State postpones Zimovia Highway concrete repaving work to spring

Though the state Department of Transportation had hoped and planned to pave the rebuilt section of Zimovia Highway in the landslide area by early this month, the weather did not cooperate and the concrete work has been postponed to at least March.

“It isn’t working out in our favor,” Chris Goins, the department's regional director for Southeast, said of the gusty winds that blew through town before and after Christmas, forcing the rescheduling.

Until it warms up and winter storms are past, drivers will see a crushed-rock surface for several hundred feet as they travel across the damaged section at 11-Mile Zimovia Highway.

Though the department planned to use a cold-cure concrete that can set up so long as temperatures stay above freezing, it was the wind that created the bigger problem, Goins explained Dec. 26. The large insulating blankets, measuring about 6 feet by 25 feet, that crews would have used to cover the concrete while it cured would have blown away in the winds.

It also would have been costly to keep concrete workers on standby in town, waiting for a consistent stretch of good weather to pour and smooth the surface of the new pavement, he said. It would have taken more than a week in total, allowing time for one lane to cure before moving to the other lane.

“The decision to use gravel is due to forecasted high winds and heavy rain, followed by cooler temperatures unsuitable for the proper curing of concrete,” the department posted on Dec. 23.

The state has additional rock on hand in Wrangell to fill in any potholes that develop in the temporary surface until it is paved, Goins said.

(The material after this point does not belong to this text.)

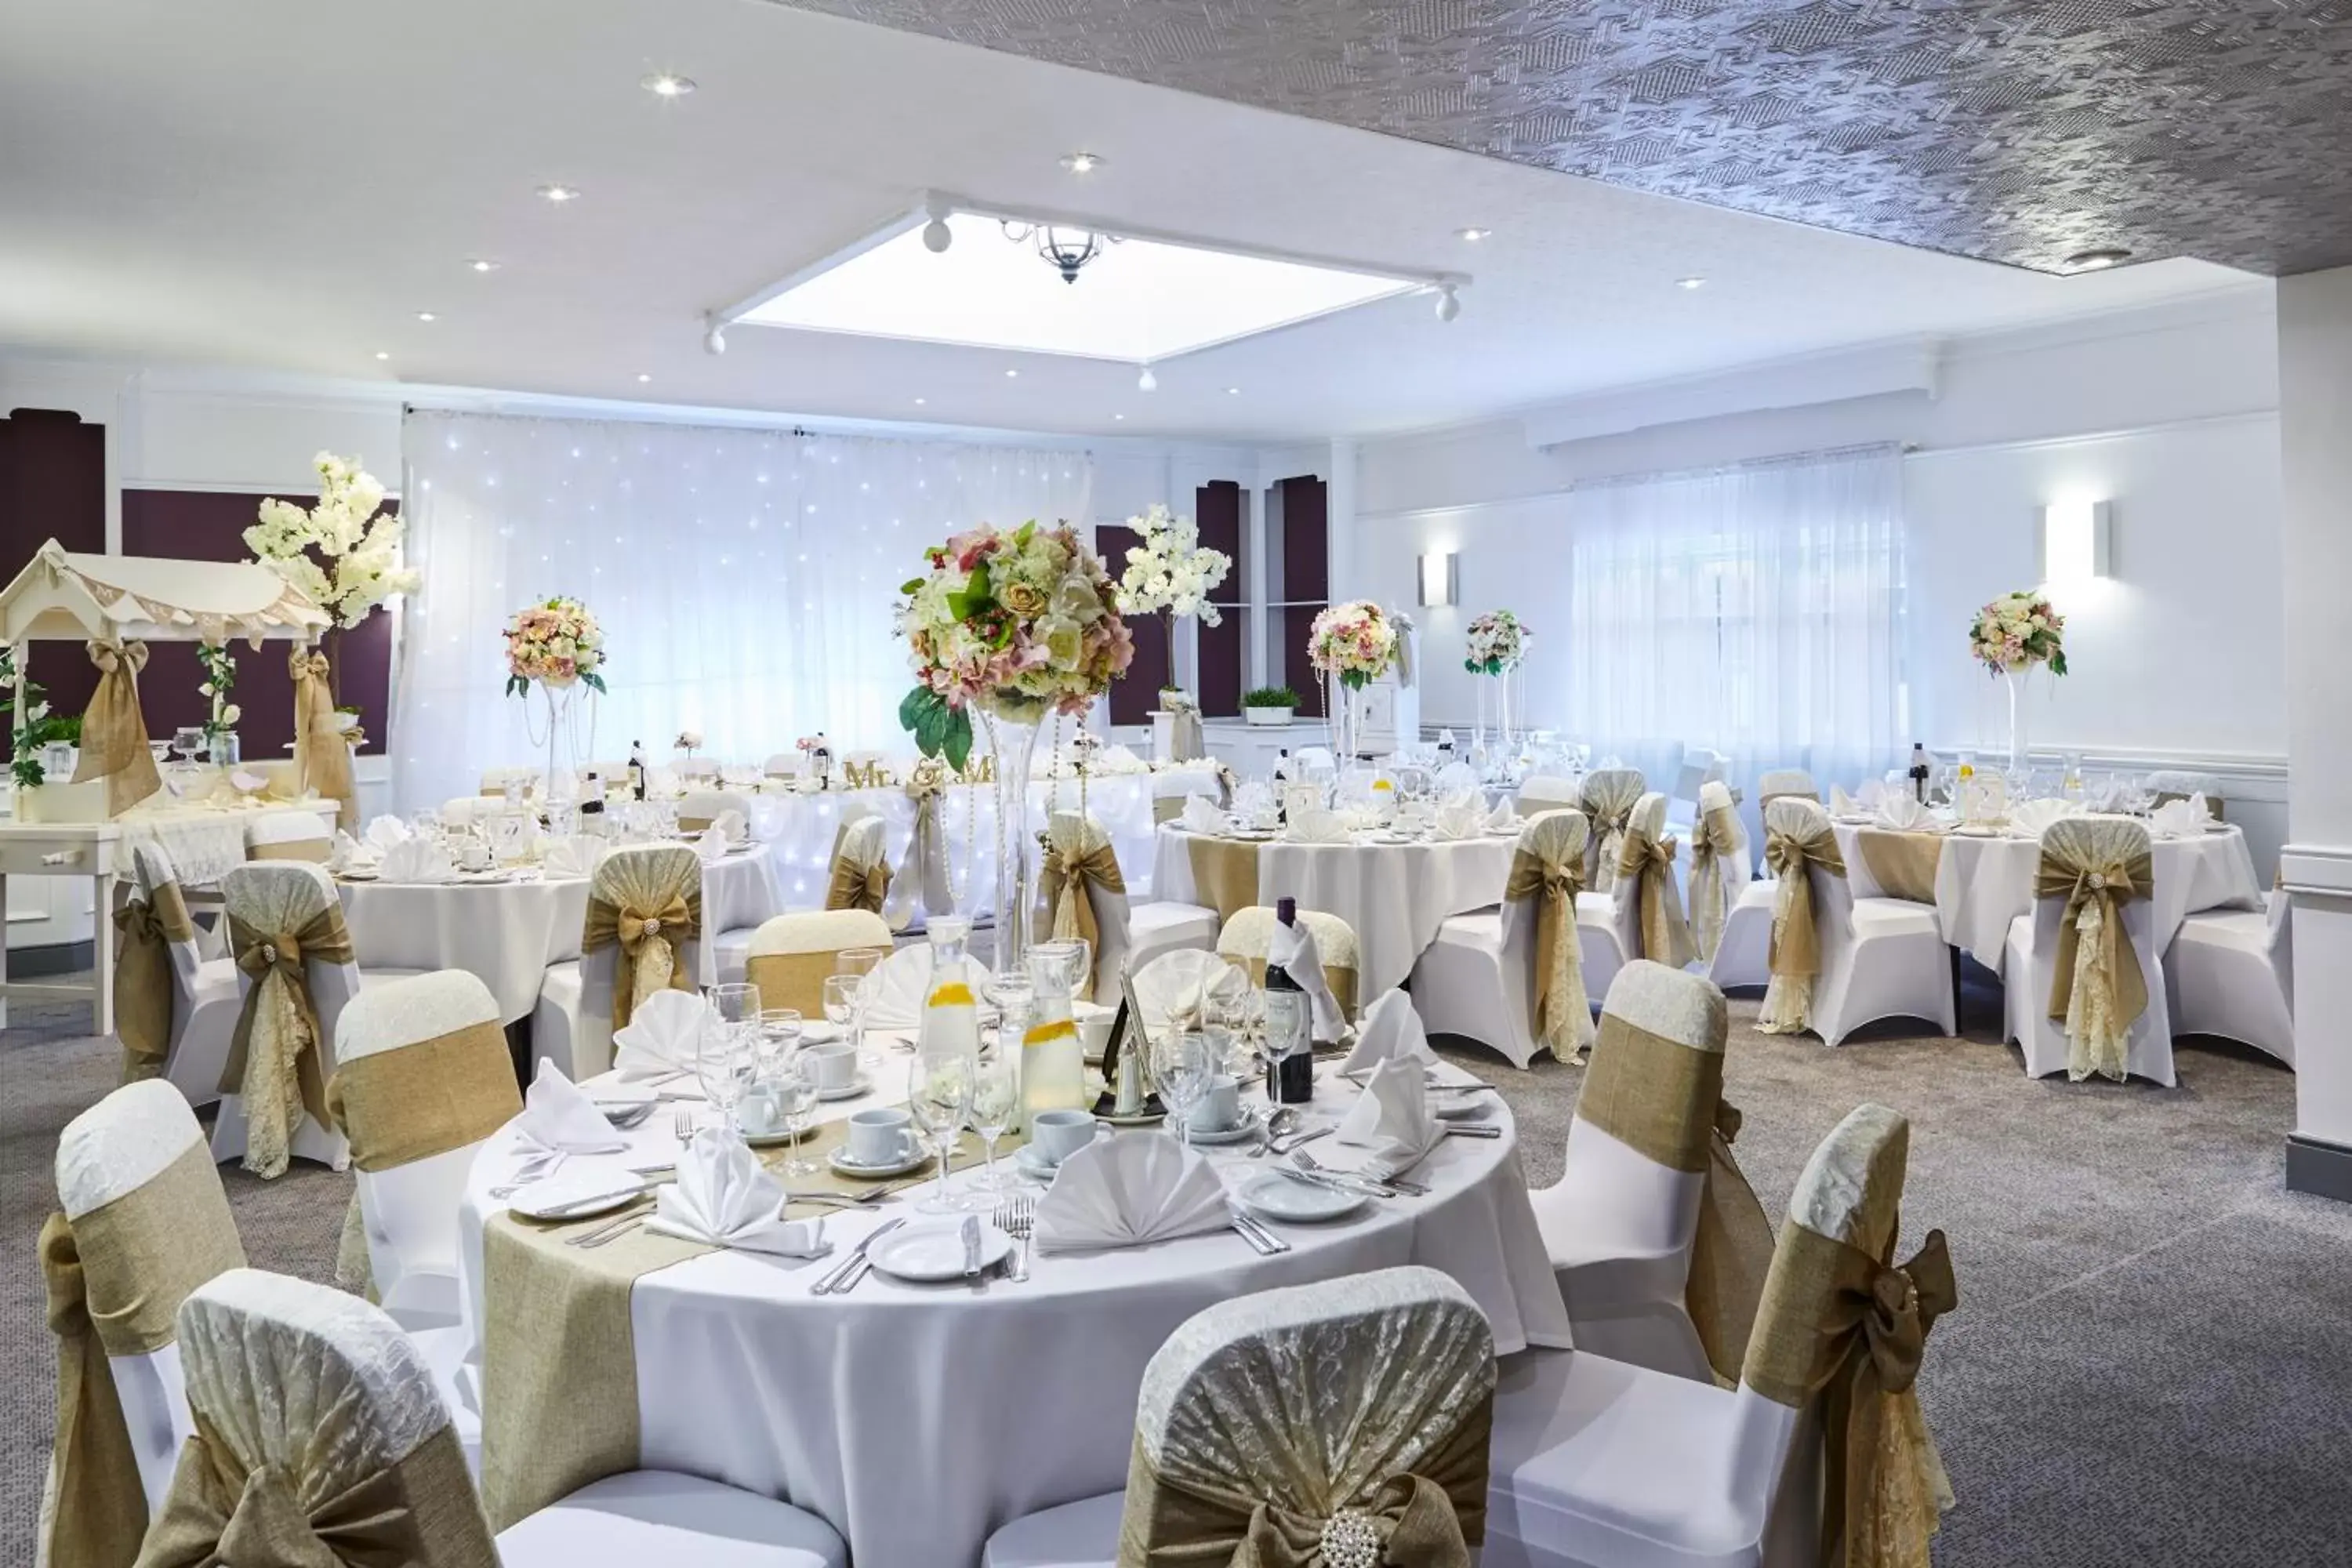 Banquet/Function facilities, Banquet Facilities in Mercure Birmingham West Hotel

The highway was reopened to two-way traffic 24 hours a day through the patched area on Dec. 23, Goins said. New, larger culverts are in place to move runoff water under the highway, and the shoulders and drainage have been repaired after the deadly Nov. 20 landslide damaged the highway and took out about 200 feet of asphalt.

The department has concrete and all the material in town that it will need for the paving, Goins said. As soon as the weather cooperates, which he guessed at March, the contractor will go to work paving the road surface with six inches of concrete.